Molina plays Harvey Torriti, aka "The Sorcerer," an old-school agent who runs the agency's Berlin section in the post-World War II era and teaches Jack lessons in on-the-ground espionage. Though their characters and several others in "The Company" are fictional, the story also weaves in real figures from the period, including counterintelligence chief James Jesus Angleton (Michael Keaton), British double agent Adrian "Kim" Philby (Tom Hollander) and CIA chief Allen Dulles (Cedric Smith).
Torriti is a blunt, hard-drinking man who relishes the cat-and-mouse aspects of his job, Molina says: "One of the characters in 'The Company' calls it 'the great game.' Which is precisely what it was. ...
"[Torriti] was almost like a cop. He relied on gut instinct and hunches, the information he got from local informers. There's a sense of absolutely getting your hands dirty, getting into and being involved in the immediate locale."
He stands in contrast to the more buttoned-down McAuliffe, who's recruited out of Yale and is more concerned with ends than means.
"Jack McAuliffe represents the newer generation [of agent] who were all university-educated and brought to the job a kind of cooler, intellectual analysis," Molina says. "So you've got two very, very different men playing the same game, but in a sense for different reasons. It was always suggested that Harvey played the game just for its own sake. He just loved it, whereas Jack was a man with an ideology. He had a mission."
Molina, whose recent movie credits include "Spider-Man 2," "The Da Vinci Code" and "The Hoax," has long been a fan of spy novels, graduating from the James Bond books he read as a teenager to the more morally ambiguous work of writers like John Le Carre and Eric Ambler. He says he loved the "paradox" inherent in those works -- "[the characters] were doing their job, their duty, but at the same time hating it. Those kinds of stories I always find fascinating."
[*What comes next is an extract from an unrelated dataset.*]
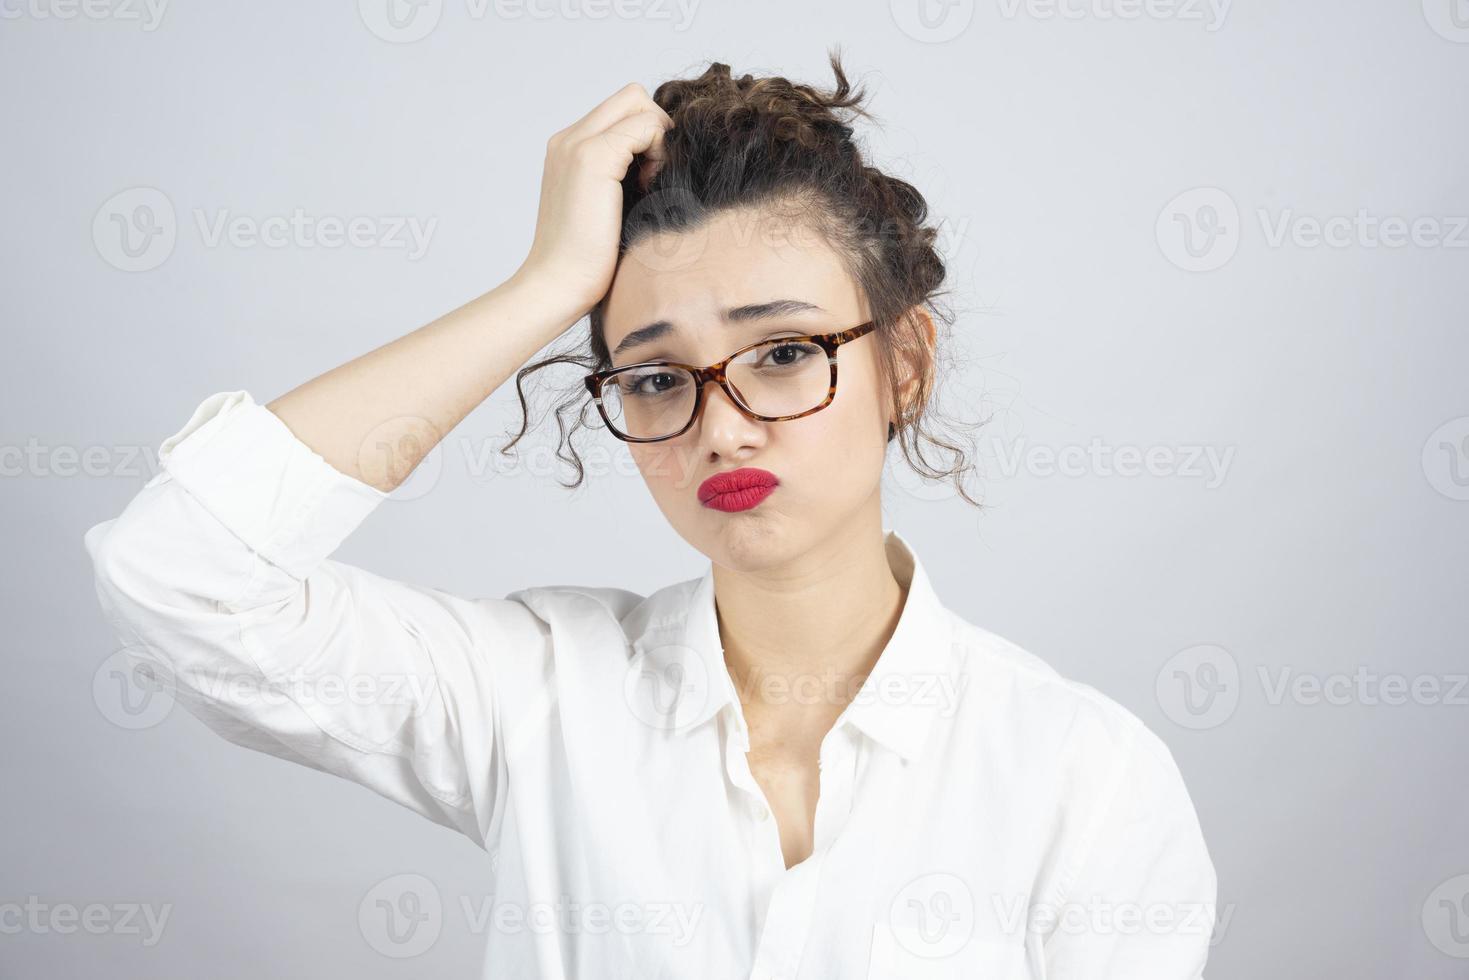 foto di una giovane donna dai capelli ricci con gli occhiali in posa per la fotocamera

That grayness also informs his character in "The Company," who talks about staying within the rules of the spy game, while men on both sides are planning and executing some pretty unsavory schemes.
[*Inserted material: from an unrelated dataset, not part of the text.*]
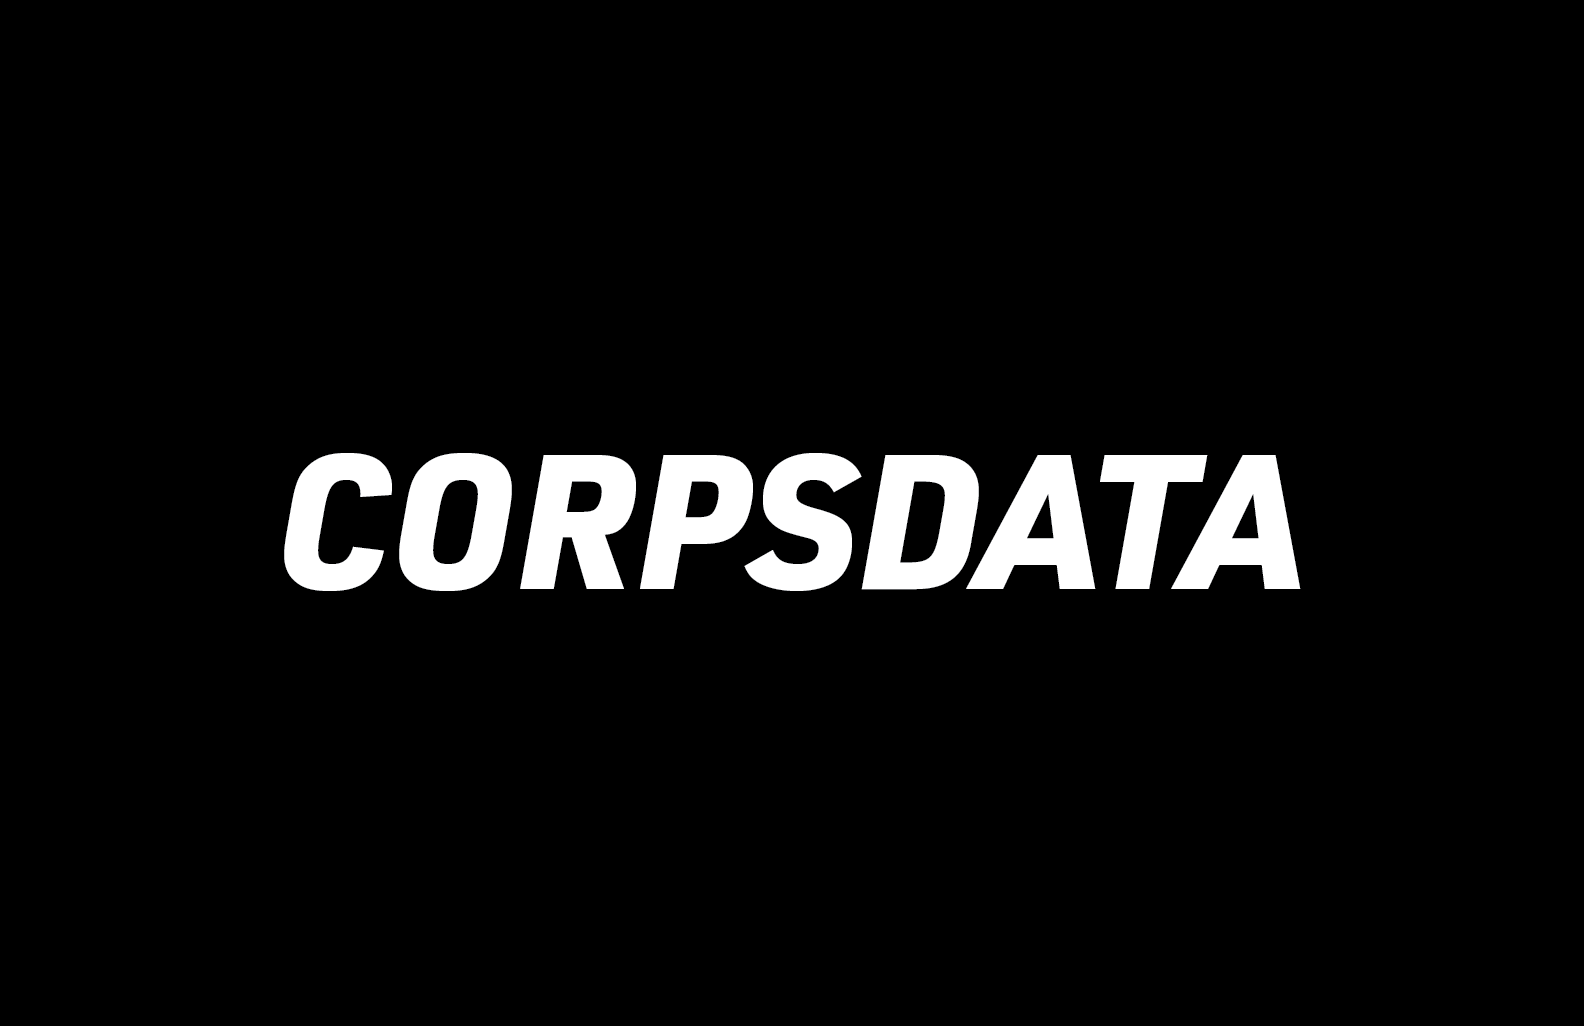 Corpsdata-01.png

"It was like a very complex, very dangerous, very intricate game of chess, but with enormous repercussions and enormous implications," Molina says. "... They operated intellectually on a very high level of deduction and intuition, but dealing with the nuts and bolts of people getting blown up, people dying.
"There was something incredibly elemental about it, and primal, as well as it being rather sophisticated. It operated on all kinds of levels, and I think it was no wonder that when the Cold War was over, there was a whole generation of men who I think probably missed it."